While they were incredibly excited, the two remembered tempering their expectations before their first call with the prospective birth mother, named Lindsey. Like many adoptive parents, they were nervous about the possibility of a disruption, even though the prospective birth mother seemed committed to her choice.
“We didn’t want to tell anybody, ‘This is the one,’” Eric remembers. “We wanted to make sure it was right for us and right for her.”
It turns out they didn’t need to worry. Lindsey, who had an older daughter already, was thrilled at the opportunity to get to know the family who would care for her child. When she first talked with Amber and Eric over the phone, it was like they had known each other for years.
So, when it came to maintaining a pre-placement open adoption relationship, Amber and Eric found the task of staying in contact with Lindsey easier than they could have ever expected.
“From day one, she has been awesome,” Amber says. “She was like, ‘I realize this is going to be your child and you’re going to have your own life, and I’m going to have my own life. I don’t want you to think I’m going to be bugging you and all this stuff.’ She was very mature about it from the very beginning.”
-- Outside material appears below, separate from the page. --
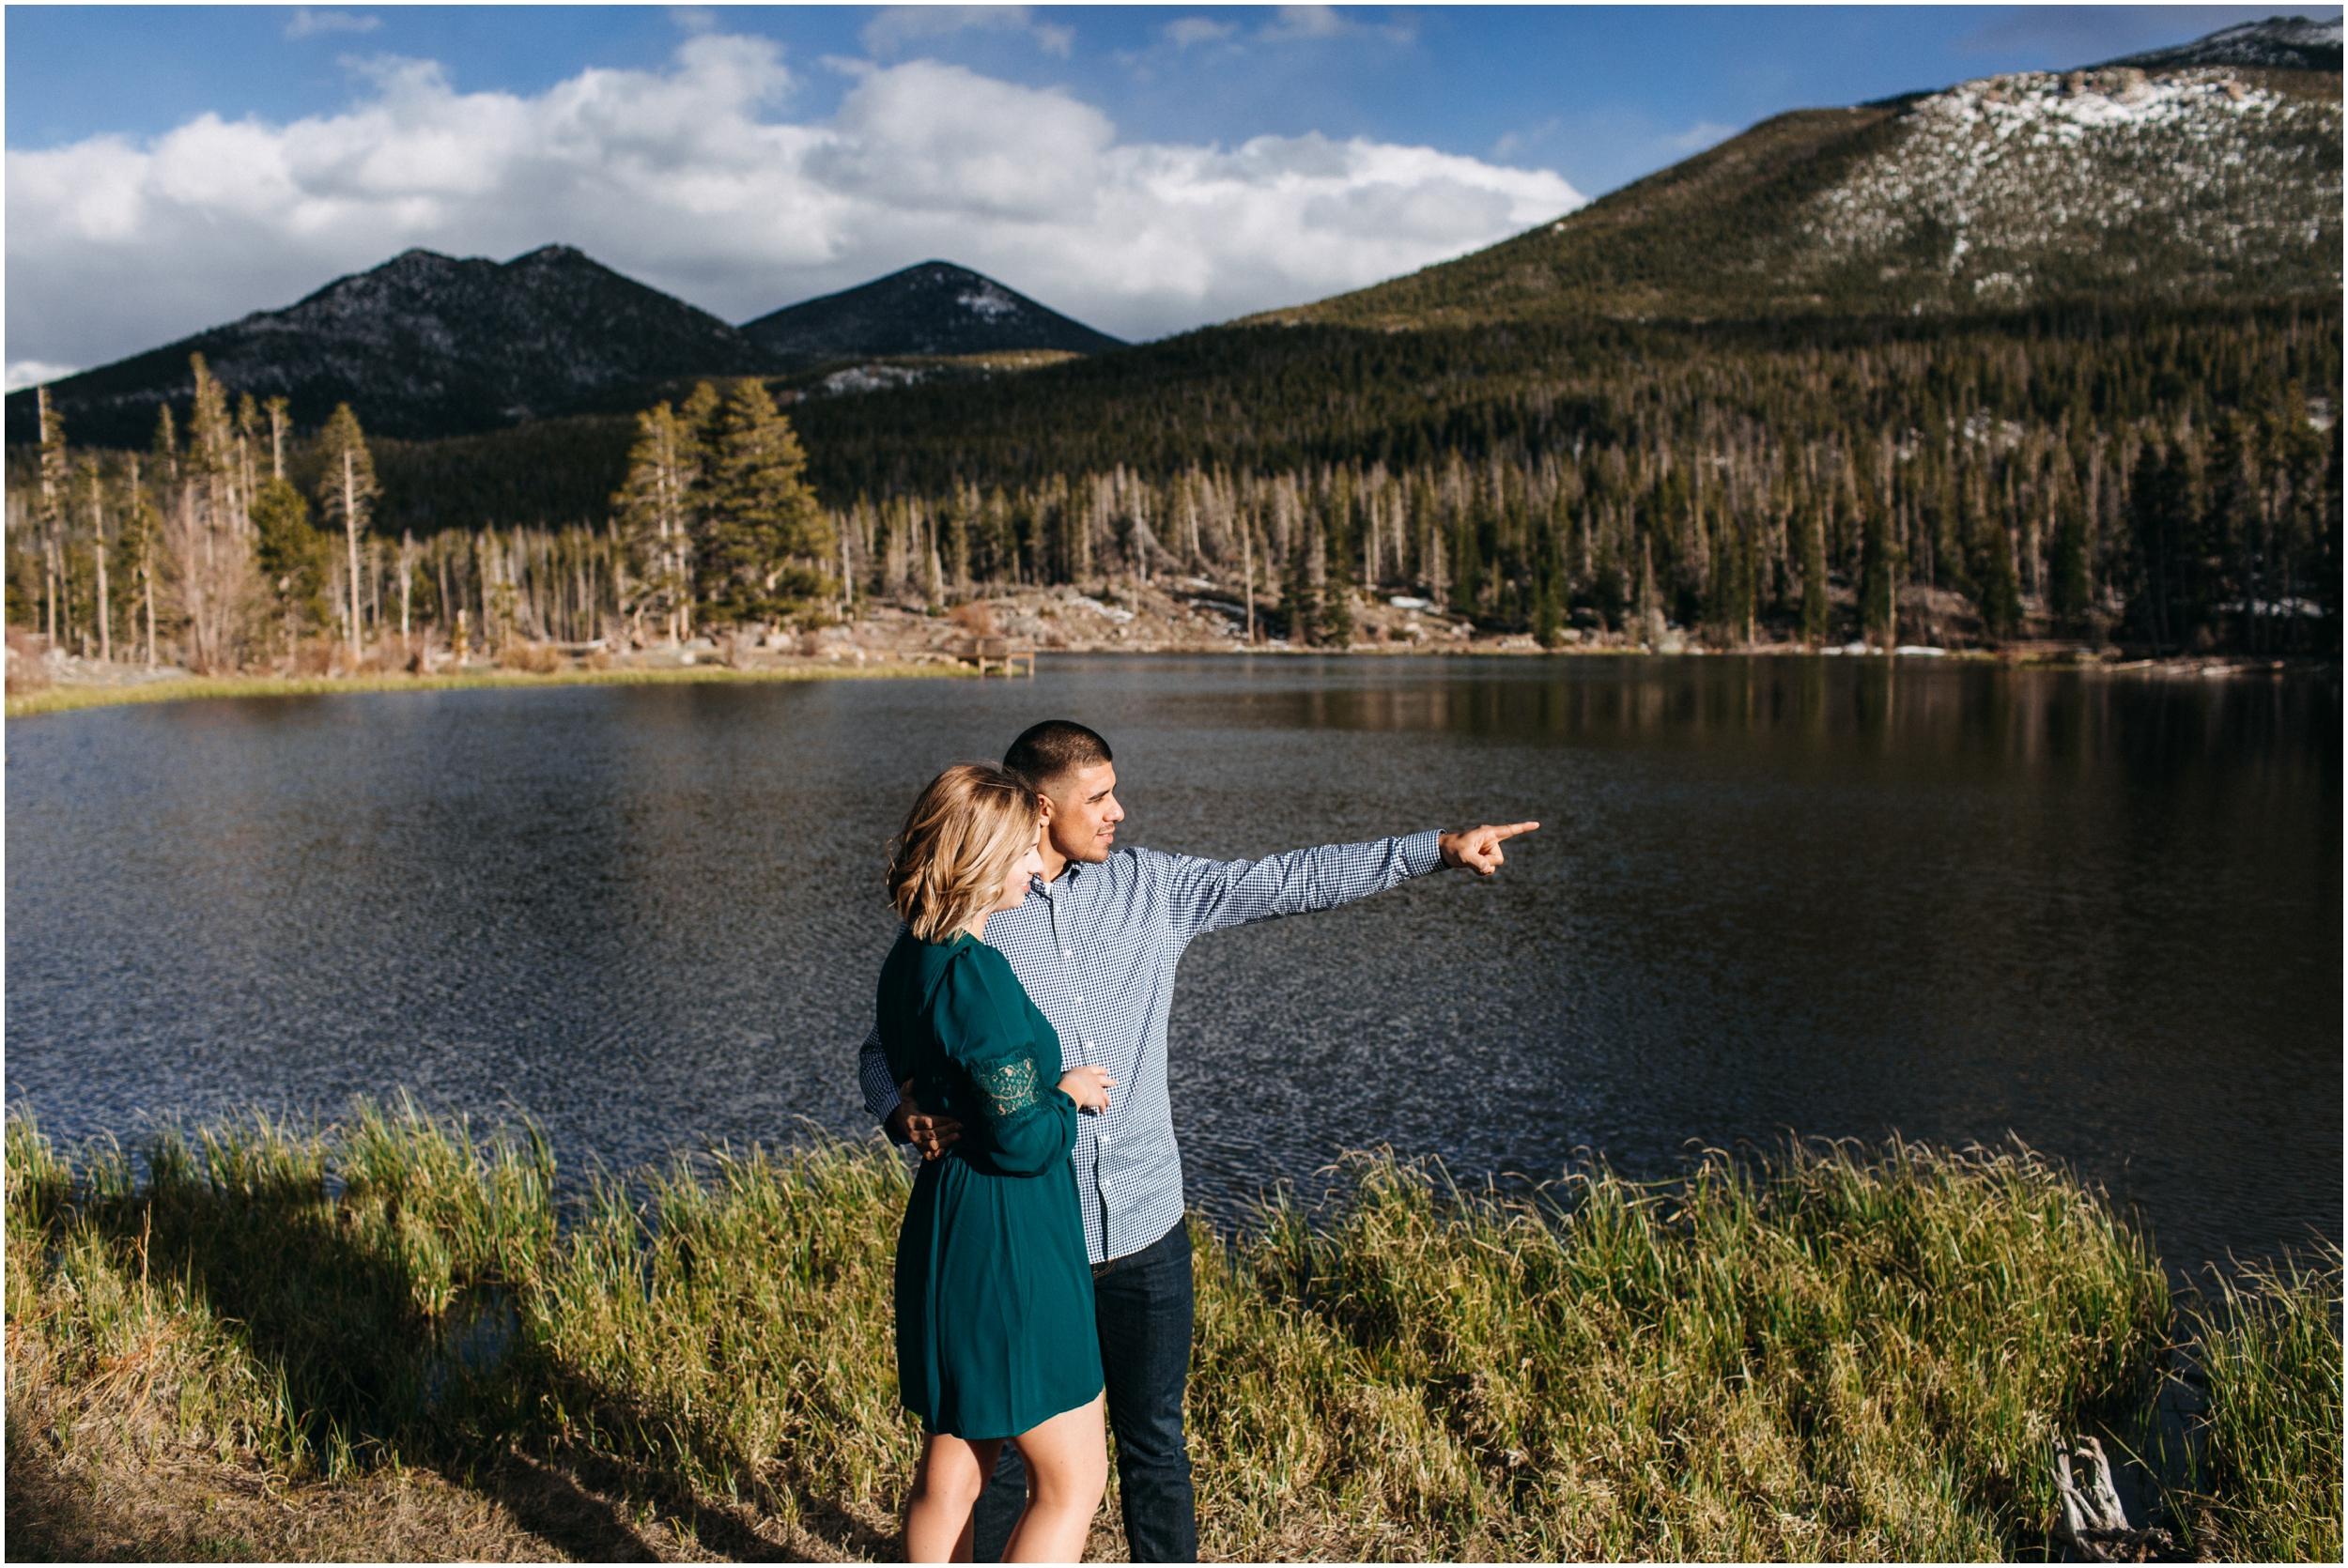 rocky-mountain-national-park-elopement-sprague-lake-colorado-adventure-wedding-photographer_taylor-powers_26.jpg

Amber and Lindsey texted weekly — chatting about their lives and the Lindsey’s toddler, and sharing sonogram photos and pregnancy news. A few days before Lindsey was to be induced, Eric and Amber flew to Texas to meet her in person. They had lunch and bonded with both Lindsey and her daughter, Trinity. The little girl even asked Eric to pick her up and hold her.
“It sounds so cheesy the way we talk about it, like we made it up, but it’s true,” Amber says.
Laying the Foundation for the Future
When they drove to Texas, Amber and Eric knew that Amber would be present in the hospital room, per Lindsey’s plans. But, at lunch, Lindsey had a question to ask: Would Eric be in the room, too?
That’s how Eric and Amber both found themselves present at the birth of their daughter, Charlotte. In a room full of emotion, Lindsey, Amber and Eric cried and hugged over their tiny new connection. Eric was even able to cut baby Charlotte’s umbilical cord.
“For her to give us that gift — I mean, obviously, she gave us Charlotte and that was amazing in itself — but to let us be there and experience it was incredible,” he says.
Amber spent the night in the hospital room with Lindsey and Charlotte after delivery, and the two were discharged the next day. Amber and Eric found themselves in Texas for a week and a half awaiting ICPC clearance. Trying to balance new parental responsibilities were tough, especially in a strange place, but the new parents made sure to take time to see Lindsey and Trinity one more time before heading home.
A few months out from placement, Amber regularly texts Lindsey with updates and receives updates about her family, too. Amber and Eric look forward to letting Charlotte and Trinity get to know each other in the future, and, with only a short flight separating the two families, they anticipate seeing Charlotte’s birth family in the future.
So, what have they learned about open adoption in their journey?
“Now, we’re educated about it,” Amber says. “I think really learning about it while going through the process really opened our eyes to it all. Honestly, it’s better for everyone involved, and we’ve seen that in person with our daughter’s birth mother.”